Conference and Seminar Presentations: Financial Intermediation Research Society (FIRS, 2022), New Zealand Finance Meeting (NZFM, 2022), European FMA (2024)*, NW Kellogg Finance Brownbag (2020), Inter-Finance PhD Seminar (IFPHD, 2020)
Abstract: This paper investigates the empirical joint dynamics between long run consumption risks (LRRs), currency excess returns, currency risk premia and global currency risk factors. Using a novel identification strategy to identify country level LRRs, we uncover three main results. Firstly, currency excess returns and relative LRRs are negatively correlated: the currencies of countries that suffer bad relative long run shocks vis-a-vis the US appreciate against the dollar on average. Secondly, currency risk premia and relative LRRs are positively correlated: over the long run such currencies depreciate against the dollar, resulting in lower expected currency returns moving forward. Thirdly well known global currency risk factors such as the High-Minus-Low (HML) carry trade sorted on interest rate differentials and the HML dollar beta portfolio sorted on time varying dollar exposures are highly correlated with appropriately constructed global and US LRR factors respectively. An international LRR model where two LRR factors - US and global - drive common sources of risk in the world economy can quantitatively explain these empirical findings.

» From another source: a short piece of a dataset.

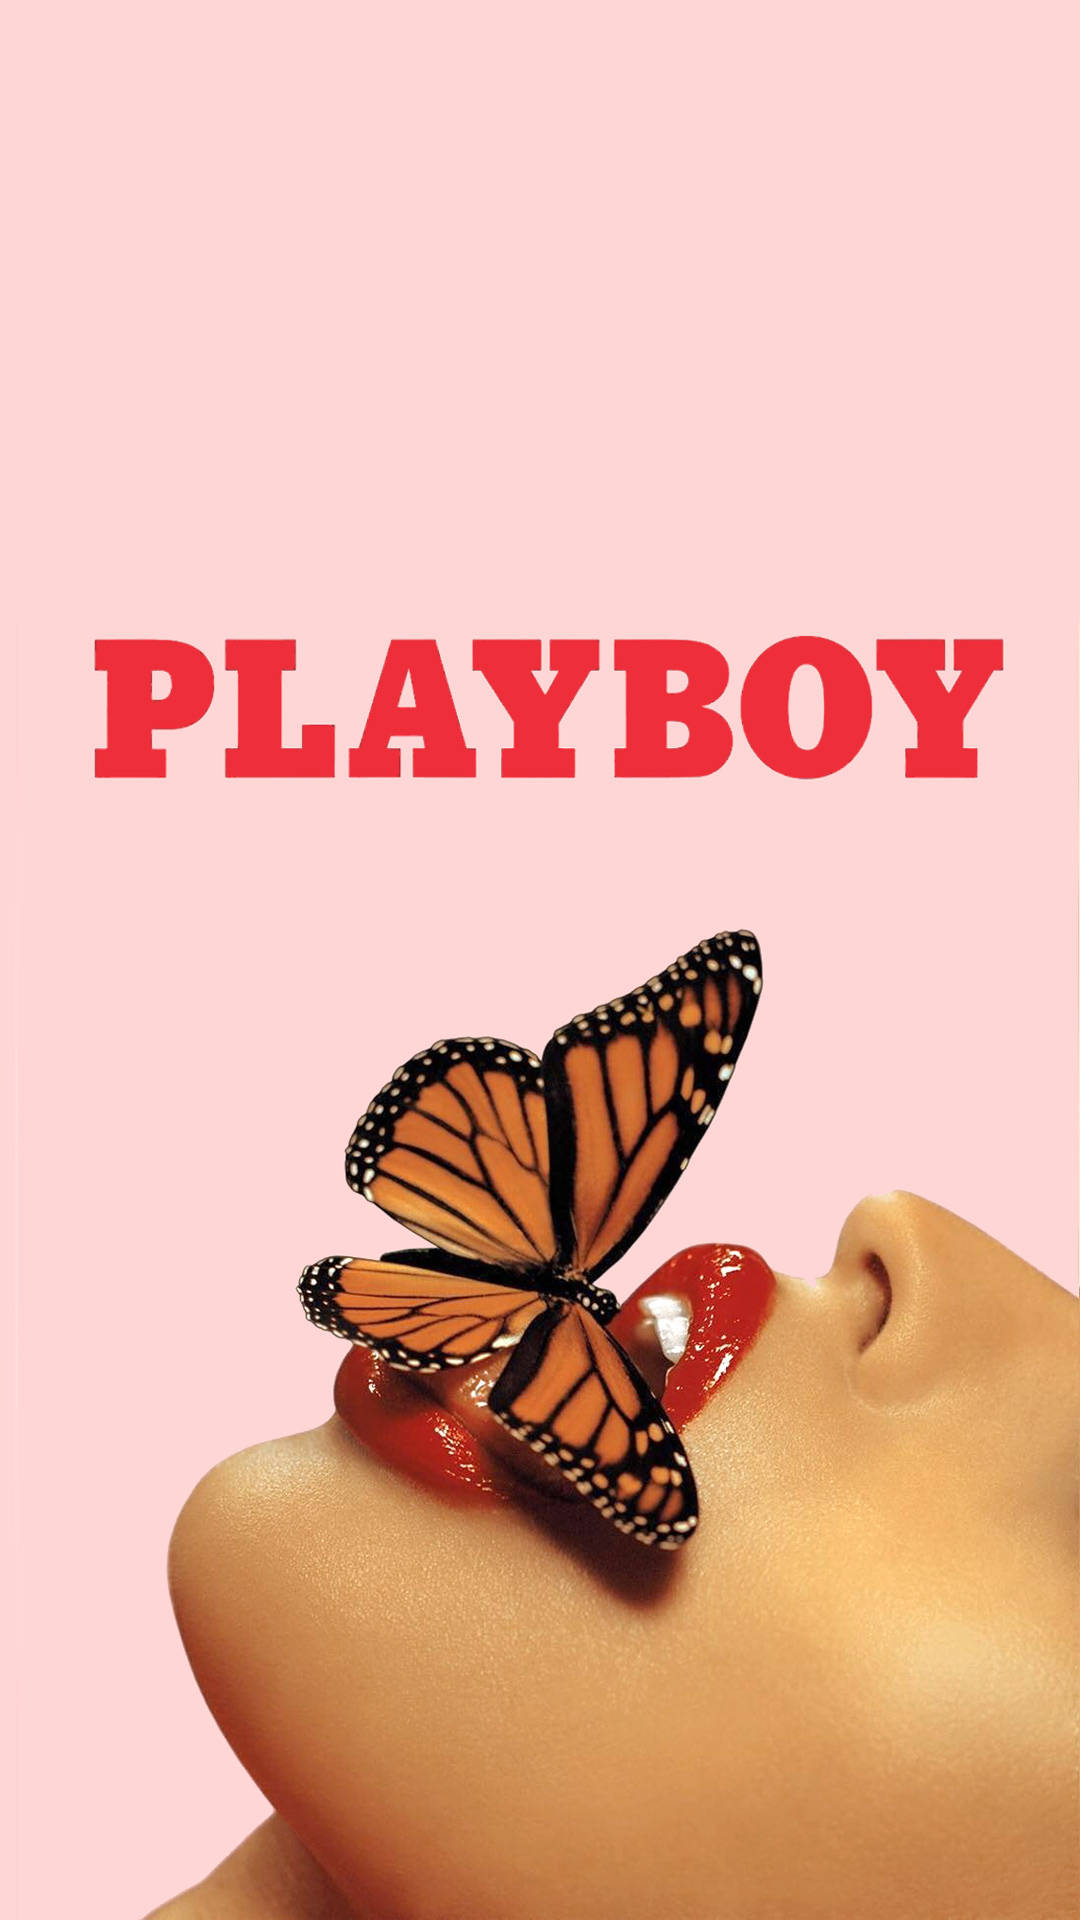 Playboy Butterfly Wallpaper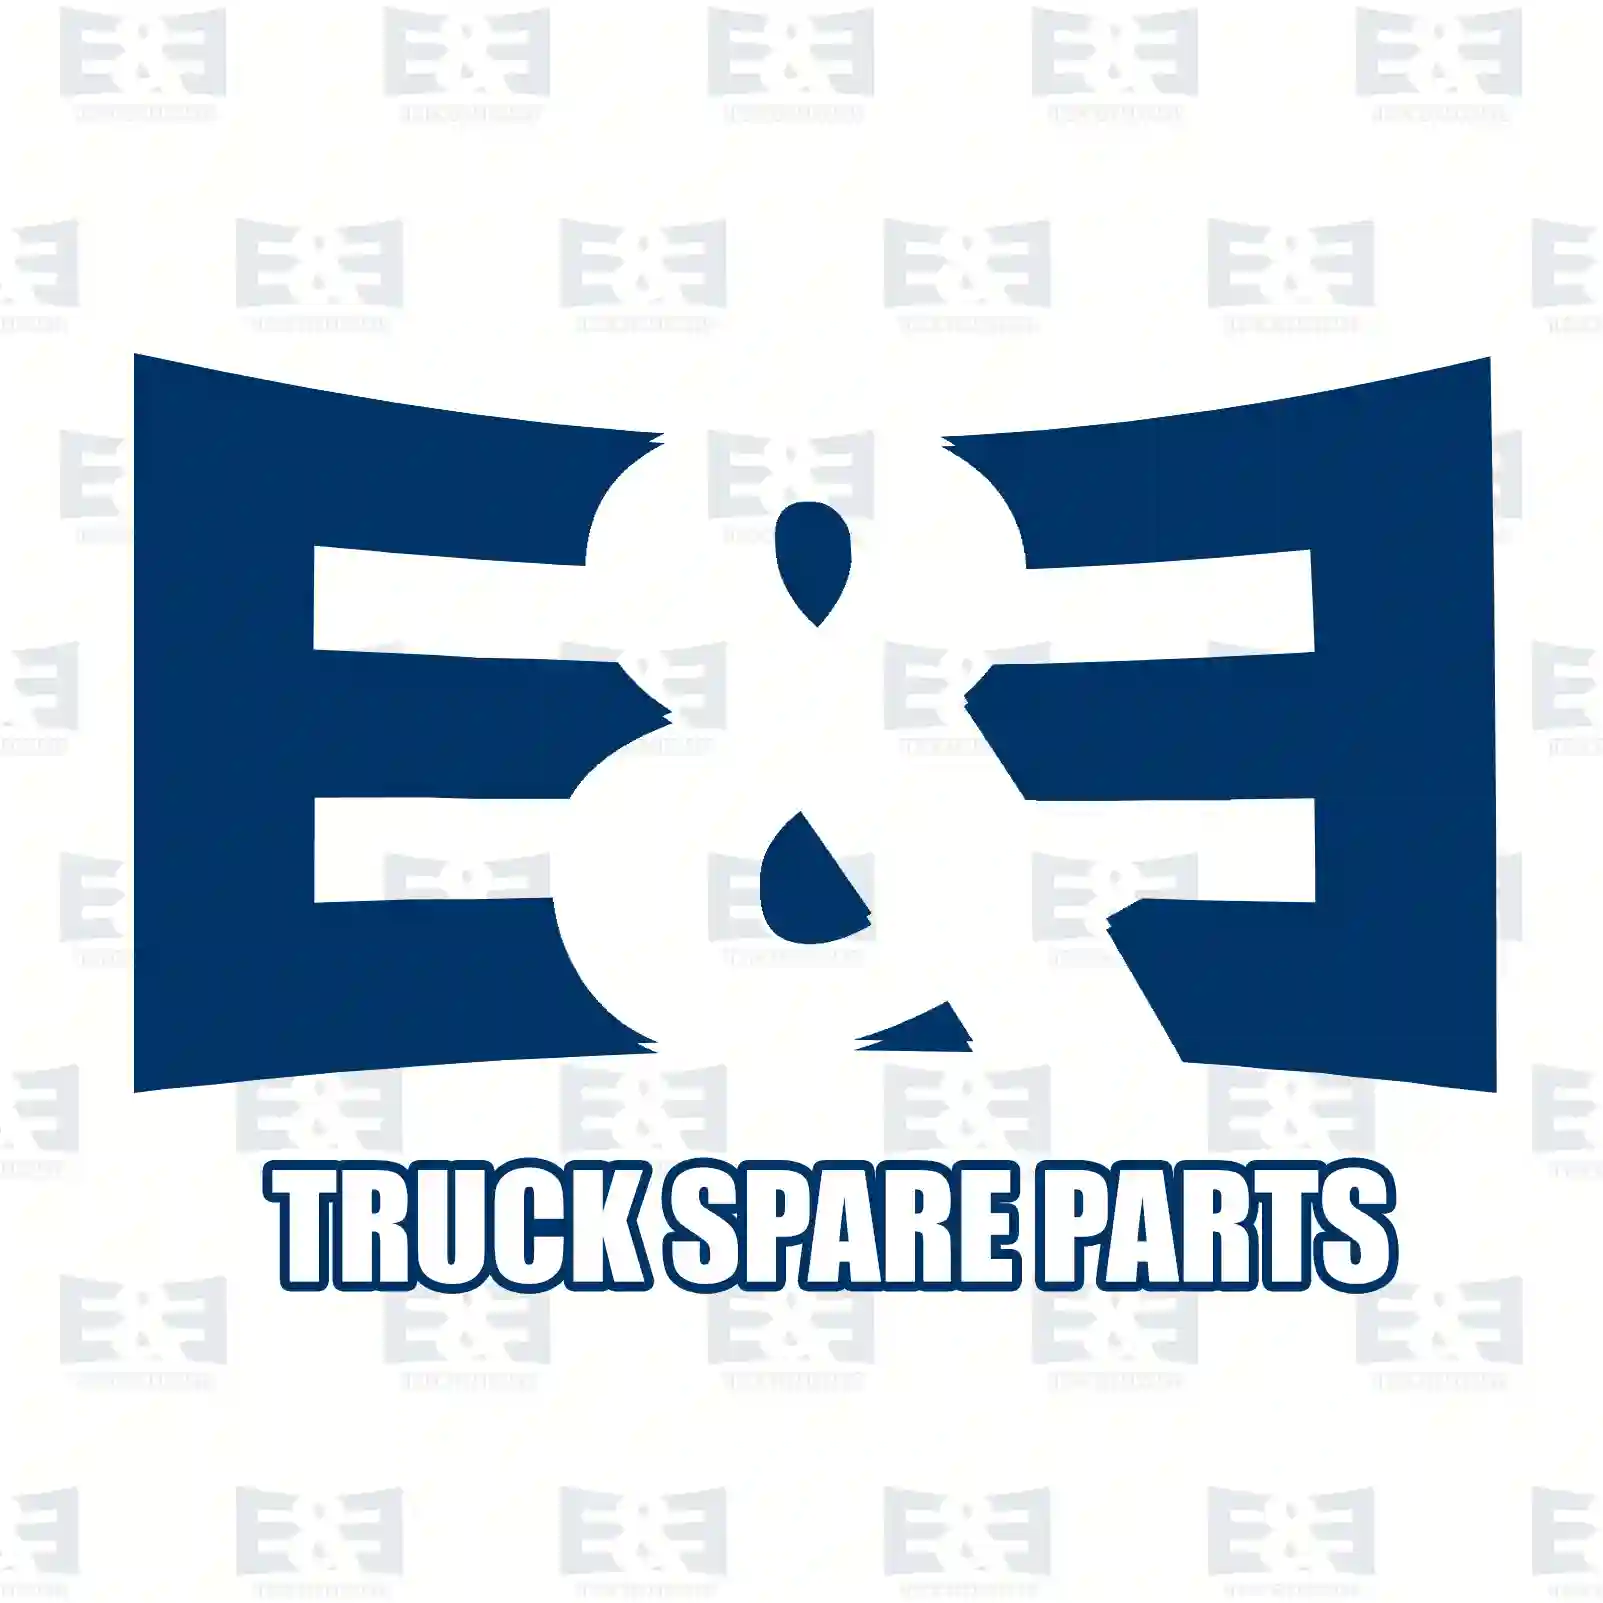 Repair kit, Sensor, 2E2279480, 7422117441, 21068284, 21068285, 21986636, 22117441 ||  2E2279480 E&E Truck Spare Parts | Truck Spare Parts, Auotomotive Spare Parts Repair kit, Sensor, 2E2279480, 7422117441, 21068284, 21068285, 21986636, 22117441 ||  2E2279480 E&E Truck Spare Parts | Truck Spare Parts, Auotomotive Spare Parts

Abstract: We uncover several empirical facts regarding the cyclical properties of dollarisation in emerging market (EME) countries. During times of global stress when the dollar premium is high, EME sovereigns increase their dollar borrowing share whereas the corporate sector lowers their dollar borrowing shares. This dichotomy is largely driven by the EME non-financial corporate sectors. These results are unique to EME countries and are far more pronounced for EME countries whose corporate sector has a higher degree of currency mismatch on their corporate balance sheets. We interpret these empirical findings as the result of risk-sharing between EME sovereign and corporate sectors. Rises in the dollar premium lower the relative cost of dollar debt vis-a-vis local currency debt, making it optimal for EME sovereigns to insure the corporate sector by borrowing more dollar debt during times of global stress. Conversely, binding financial frictions force EME corporates to retreat from dollar funding markets during these global episodes.